Up to the 11th of September Rosecrans still had troops on the railroad east of Corinth, but they had all been ordered in. By the 12th all were in except a small force under Colonel Murphy of the 8th Wisconsin. He had been detained to guard the remainder of the stores which had not yet been brought in to Corinth.

On the 13th of September General Sterling Price entered Iuka, a town about twenty miles east of Corinth on the Memphis and Charleston railroad. Colonel Murphy with a few men was guarding the place. He made no resistance, but evacuated the town on the approach of the enemy. I was apprehensive lest the object of the rebels might be to get troops into Tennessee to reinforce Bragg, as it was afterwards ascertained to be. The authorities at Was.h.i.+ngton, including the general-in-chief of the army, were very anxious, as I have said, about affairs both in East and Middle Tennessee; and my anxiety was quite as great on their account as for any danger threatening my command. I had not force enough at Corinth to attack Price even by stripping everything; and there was danger that before troops could be got from other points he might be far on his way across the Tennessee. To prevent this all spare forces at Bolivar and Jackson were ordered to Corinth, and cars were concentrated at Jackson for their transportation. Within twenty-four hours from the transmission of the order the troops were at their destination, although there had been a delay of four hours resulting from the forward train getting off the track and stopping all the others. This gave a reinforcement of near 8,000 men, General Ord in command. General Rosecrans commanded the district of Corinth with a movable force of about 9,000 independent of the garrison deemed necessary to be left behind. It was known that General Van Dorn was about a four days' march south of us, with a large force. It might have been part of his plan to attack at Corinth, Price coming from the east while he came up from the south. My desire was to attack Price before Van Dorn could reach Corinth or go to his relief.
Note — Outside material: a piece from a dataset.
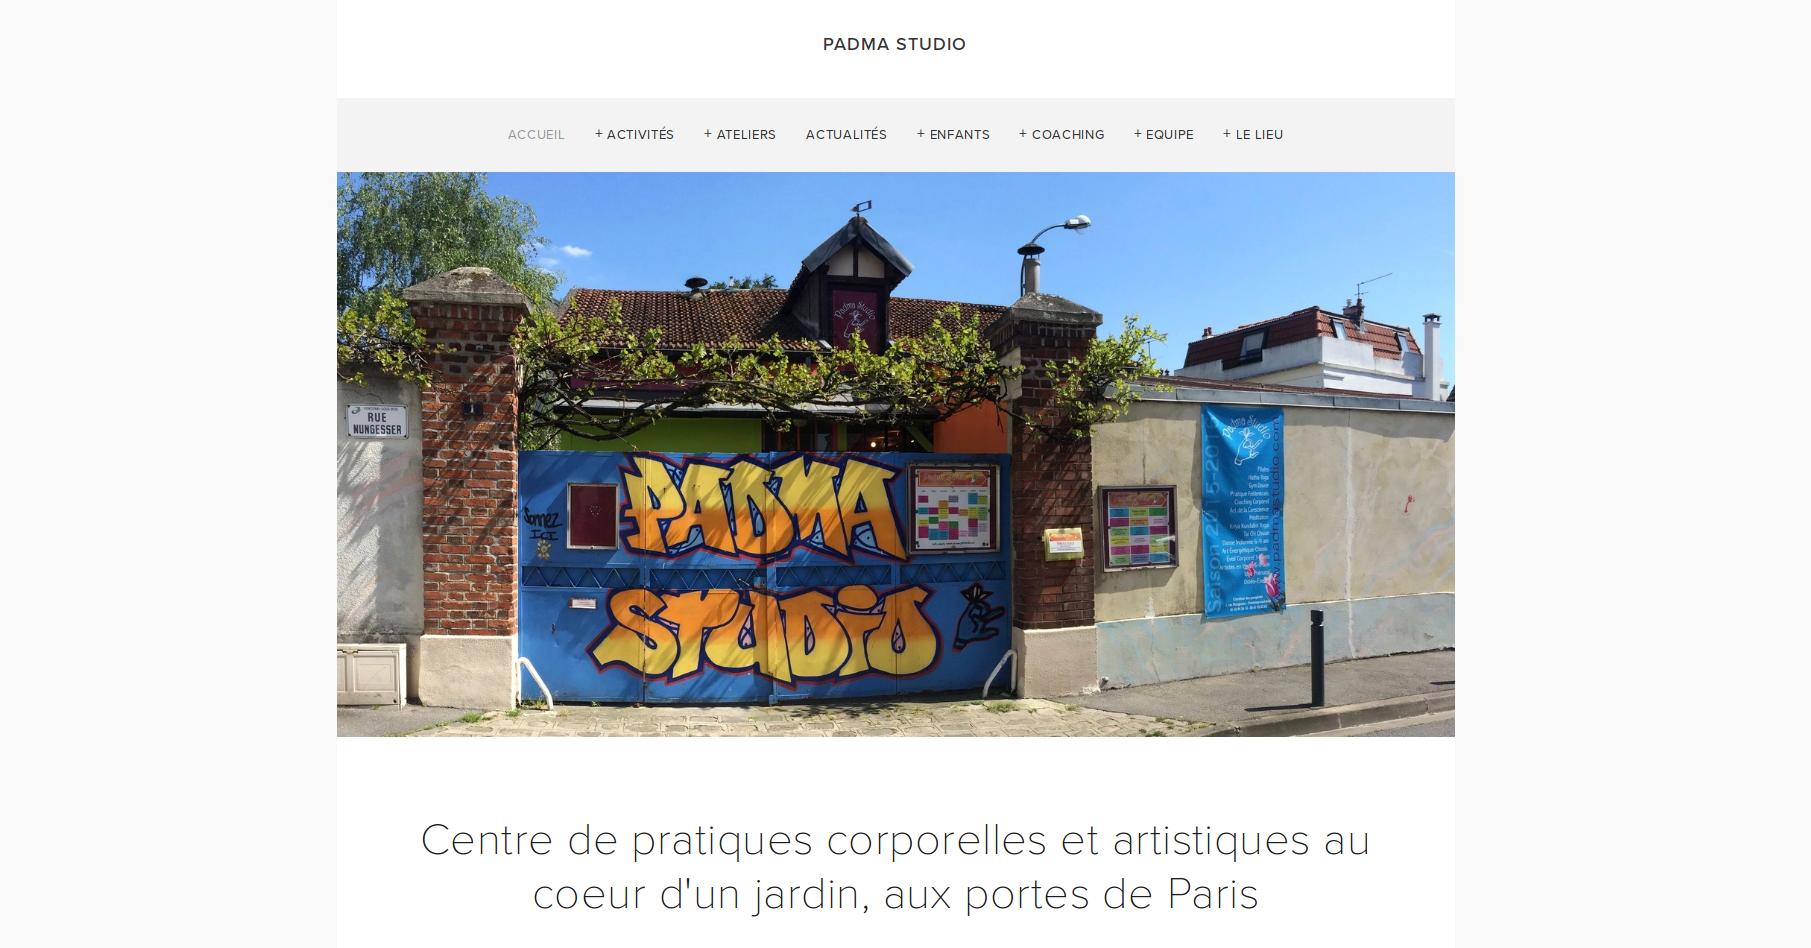 Padma Studio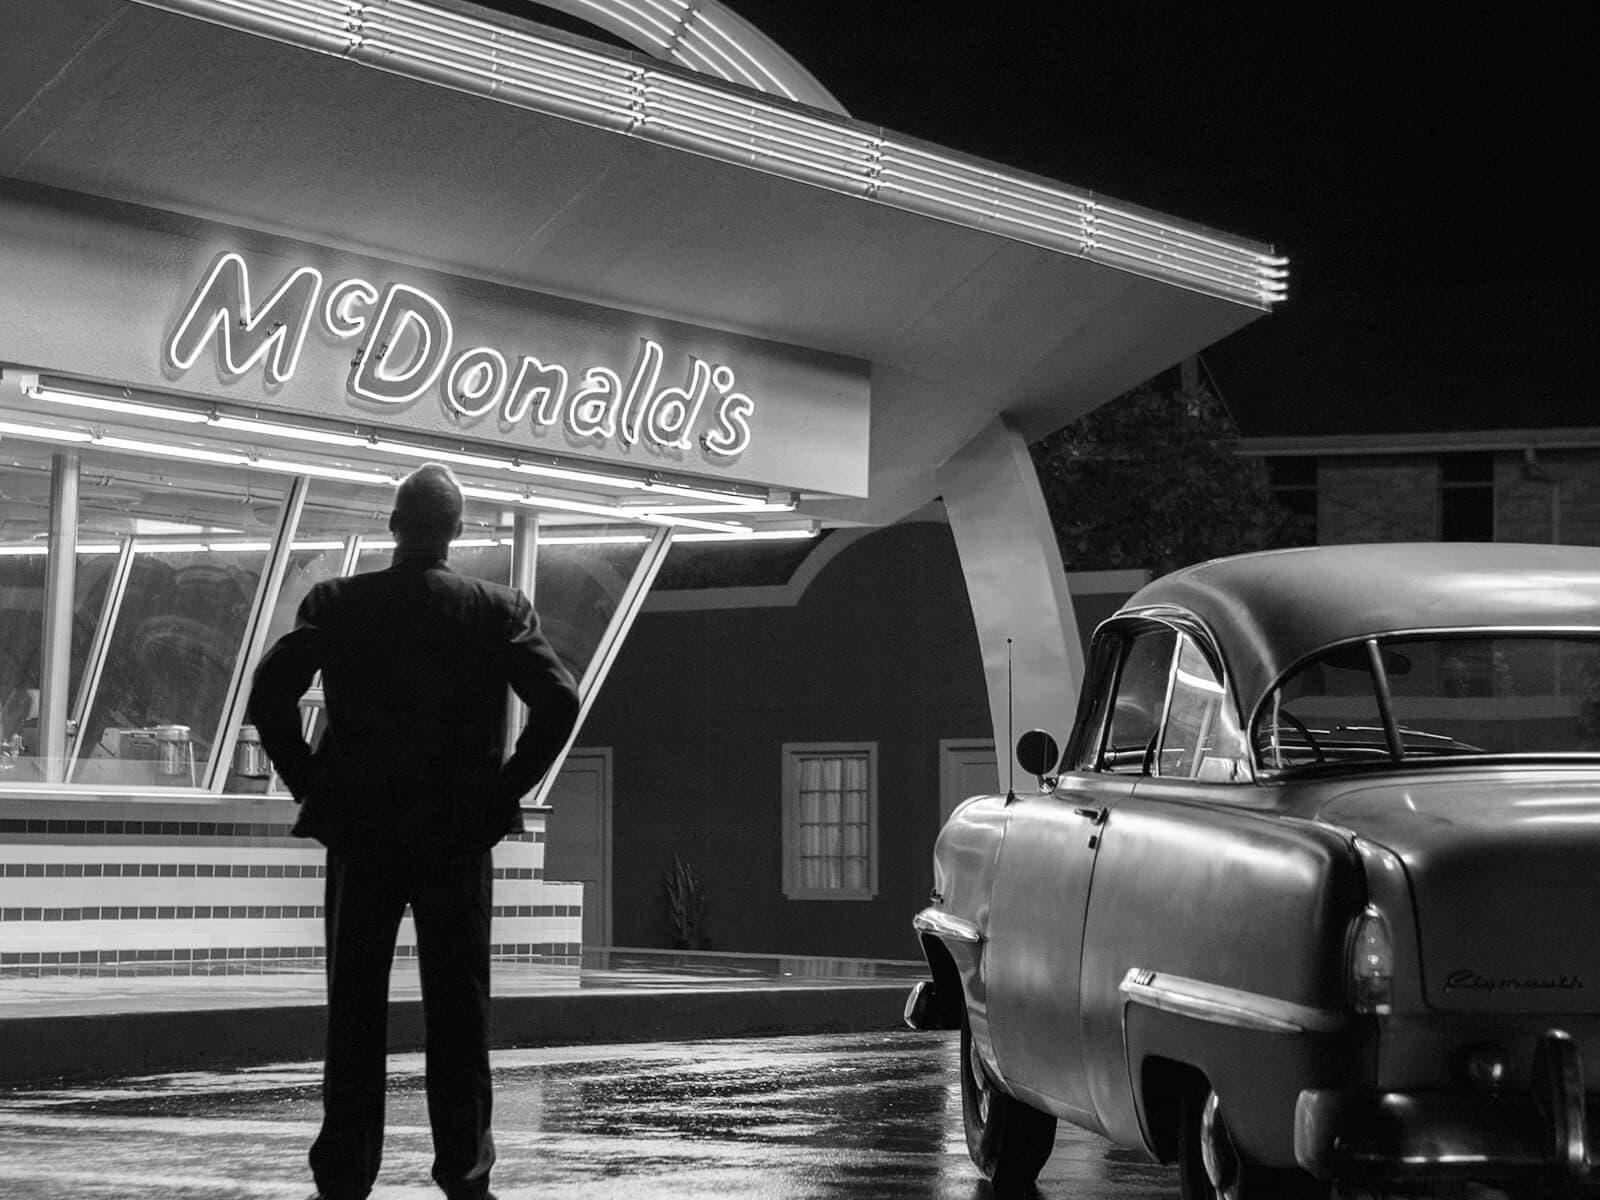 هل نعيش في عالم ماكدونالدز؟

General Rosecrans had previously had his headquarters at Iuka, where his command was spread out along the Memphis and Charleston railroad eastward. While there he had a most excellent map prepared showing all the roads and streams in the surrounding country. He was also personally familiar with the ground, so that I deferred very much to him in my plans for the approach. We had cars enough to transport all of General Ord's command, which was to go by rail to Burnsville, a point on the road about seven miles west of Iuka. From there his troops were to march by the north side of the railroad and attack Price from the north-west, while Rosecrans was to move eastward from his position south of Corinth by way of the Jacinto road. A small force was to hold the Jacinto road where it turns to the north-east, while the main force moved on the Fulton road which comes into Iuka further east. This plan was suggested by Rosecrans.